В периоды, когда Иркутской епархии, иркутскому генерал-губернатору и столичным ведомствам удавалось найти взаимопонимание по вопросу об экспансии православия, бурятские буддисты в особой степени начинали ощущать гнет государственной идеологии, какой не испытывали на себе калмыцкие буддисты[224]. Так, благодаря личным связям с обер-прокурором Священного синода Константином Победоносцевым и его креатурой на посту генерал-губернатора А.Д. Горемыкиным архиепископ Вениамин с 1885 года получил возможность начать новую энергичную кампанию по крещению бурят. Немецкий исследователь Диттмар Шорковиц утверждает, что наибольших успехов эта кампания достигала в периоды посещения Сибири сначала императором Александром II (1873), а затем цесаревичем Николаем (1891)[225].

И все же даже самым энергичным сторонникам наступательной политики в отношении буддизма в империи имелся серьезный противовес.
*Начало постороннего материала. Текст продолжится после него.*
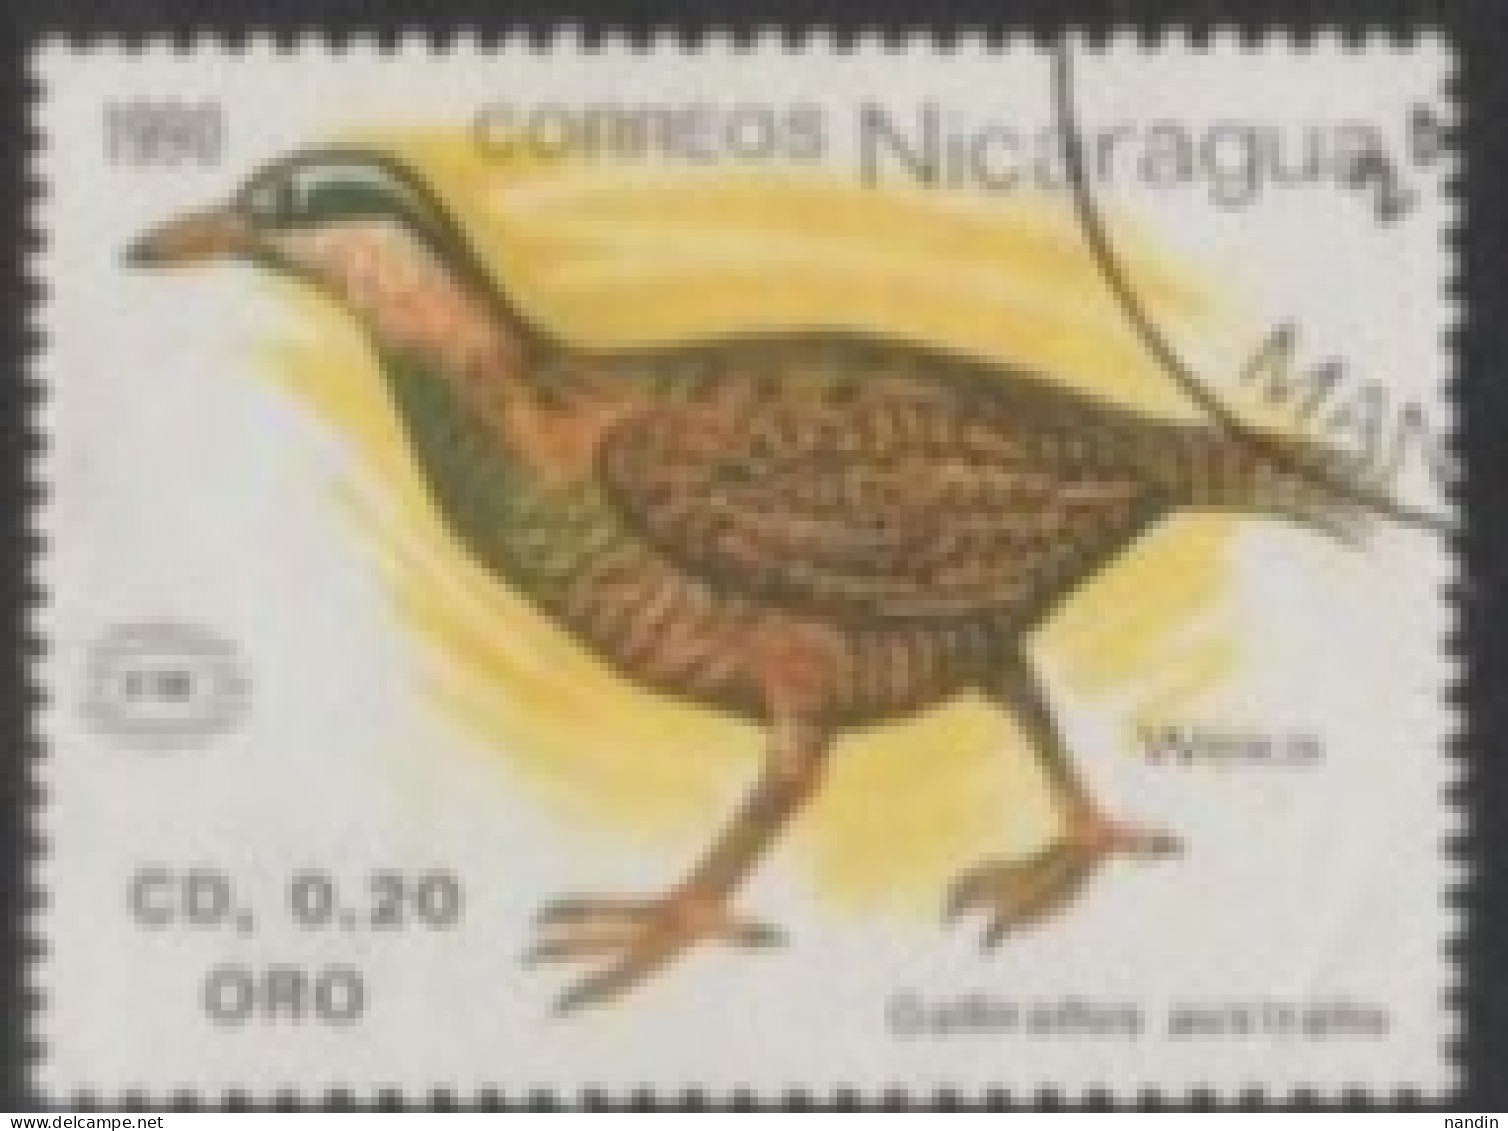 1990 NICARAGUA USED STAMP ON BIRDS/Gallirallus Australis-Genus Of Rails/Int. Stamp Exhibition "NEW ZEALAND '90" BIRD - Kolibries

Как и в случае с исламом, к которому империя применяла две разновекторные политики, имевшие цель насадить порядок в среде мусульманского населения внутри страны и поднять престиж российской власти в глазах мусульман соседней Османской империи, буддисты также стояли в центре конкурентной борьбы различных политических доктрин и ведомств. Пропорционально увеличению доли участия России в Большой игре за влияние в Азии усиливалось и сопротивление Министерства иностранных дел инициативам Министерства внутренних дел и Иркутской епархии. Так, во многом благодаря позиции МИДа буддистам удалось сломить воинственную оппозицию православных консерваторов и черносотенцев и построить первый в Европе буддийский храм «в сердце православной столицы». Для успешной политики в Монголии, Маньчжурии и Тибете Россия нуждалась в репутации защитницы буддийской Дхармы. При этом следует учитывать, что и МВД часто не проявляло заинтересованности в особо агрессивных планах Иркутского епископата, опасаясь ухудшения ситуации в приграничных районах проживания буддистов.

Столь усложненная система, в которой существовала буддийская церковь в Российской империи, таила для нее как опасности, так и преимущества. Очень многое зависело и от личных отношений буддийских иерархов с губернскими и столичными чинами, академическими кругами, многие вопросы решались через ведомственные противоречия, путем лоббирования и взяток. В таком виде ситуация сохранялась вплоть до 1903 года, когда под давлением общественности Николай II принял Манифест о веротерпимости от 26 февраля 1903 года, а затем и Указ о началах веротерпимости от 17 апреля 1905 года, в которых государство декларировало готовность пересмотра Положения 1853 года. К концу империи даже в Министерстве внутренних дел это Положение оценивали как «не отличающееся однородностью, согласованностью основ, на которых оно построено» и предлагали разработать новый устав «на началах провозглашенной в России национальной и вероисповедной свободы»[226]. Еще одним важным сдвигом в отношениях империи с буддийскими подданными явился отказ государства от использования термина «идолопоклонники» в отношении последних. Либеральные законные акты дали крещеным бурятам право свободного выбора вероисповедания, что вызвало их массовый переход из православия в буддизм. Многолетние усилия консервативных кругов империи по христианизации бурят были сведены на нет.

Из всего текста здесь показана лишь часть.